- Opening Delimiter -

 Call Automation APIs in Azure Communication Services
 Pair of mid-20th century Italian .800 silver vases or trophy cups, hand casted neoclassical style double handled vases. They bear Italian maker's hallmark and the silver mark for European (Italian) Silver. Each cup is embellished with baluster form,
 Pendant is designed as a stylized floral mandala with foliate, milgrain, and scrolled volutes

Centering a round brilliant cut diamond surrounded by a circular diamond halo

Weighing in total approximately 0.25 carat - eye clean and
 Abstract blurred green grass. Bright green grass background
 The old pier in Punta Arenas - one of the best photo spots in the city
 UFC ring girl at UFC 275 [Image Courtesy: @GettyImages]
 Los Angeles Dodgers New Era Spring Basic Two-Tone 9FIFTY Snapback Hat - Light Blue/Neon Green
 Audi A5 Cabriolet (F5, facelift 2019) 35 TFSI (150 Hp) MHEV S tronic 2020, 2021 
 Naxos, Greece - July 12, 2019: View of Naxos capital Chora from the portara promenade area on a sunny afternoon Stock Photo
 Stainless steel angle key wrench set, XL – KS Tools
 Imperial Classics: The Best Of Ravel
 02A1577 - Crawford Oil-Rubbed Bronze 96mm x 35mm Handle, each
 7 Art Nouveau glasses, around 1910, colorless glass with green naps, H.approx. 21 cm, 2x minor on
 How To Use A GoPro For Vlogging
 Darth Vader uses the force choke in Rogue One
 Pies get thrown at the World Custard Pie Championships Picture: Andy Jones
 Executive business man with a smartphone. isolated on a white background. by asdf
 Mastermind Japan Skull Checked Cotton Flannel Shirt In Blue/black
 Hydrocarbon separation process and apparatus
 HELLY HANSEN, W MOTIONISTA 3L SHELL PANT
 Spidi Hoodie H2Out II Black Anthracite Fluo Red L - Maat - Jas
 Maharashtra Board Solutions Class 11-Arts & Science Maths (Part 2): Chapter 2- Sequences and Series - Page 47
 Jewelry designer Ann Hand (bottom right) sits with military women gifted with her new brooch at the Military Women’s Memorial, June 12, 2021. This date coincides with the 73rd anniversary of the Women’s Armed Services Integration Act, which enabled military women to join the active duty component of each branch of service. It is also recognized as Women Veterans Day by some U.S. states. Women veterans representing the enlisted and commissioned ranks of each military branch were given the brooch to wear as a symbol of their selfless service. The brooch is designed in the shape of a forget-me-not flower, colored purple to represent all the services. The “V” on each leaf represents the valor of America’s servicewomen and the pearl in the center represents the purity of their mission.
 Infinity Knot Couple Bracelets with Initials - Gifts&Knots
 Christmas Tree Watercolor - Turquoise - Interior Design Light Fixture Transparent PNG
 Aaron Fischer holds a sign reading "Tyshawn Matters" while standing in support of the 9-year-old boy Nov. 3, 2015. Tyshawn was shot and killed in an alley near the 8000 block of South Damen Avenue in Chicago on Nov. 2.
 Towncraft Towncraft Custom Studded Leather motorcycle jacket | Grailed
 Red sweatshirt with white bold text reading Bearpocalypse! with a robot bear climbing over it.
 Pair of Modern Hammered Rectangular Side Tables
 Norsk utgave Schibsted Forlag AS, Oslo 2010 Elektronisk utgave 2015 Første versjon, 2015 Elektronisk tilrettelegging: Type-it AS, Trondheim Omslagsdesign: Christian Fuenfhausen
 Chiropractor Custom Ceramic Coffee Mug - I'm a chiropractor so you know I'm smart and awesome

- Closing Delimiter -

_To do:_ Using the records above, write out exactly the lines between the one holding "Audi A5 Cabriolet" and the one holding "02A1577 - Crawford", inclusive; leave everything else out.

_Exercise solution:_
 Audi A5 Cabriolet (F5, facelift 2019) 35 TFSI (150 Hp) MHEV S tronic 2020, 2021 
 Naxos, Greece - July 12, 2019: View of Naxos capital Chora from the portara promenade area on a sunny afternoon Stock Photo
 Stainless steel angle key wrench set, XL – KS Tools
 Imperial Classics: The Best Of Ravel
 02A1577 - Crawford Oil-Rubbed Bronze 96mm x 35mm Handle, each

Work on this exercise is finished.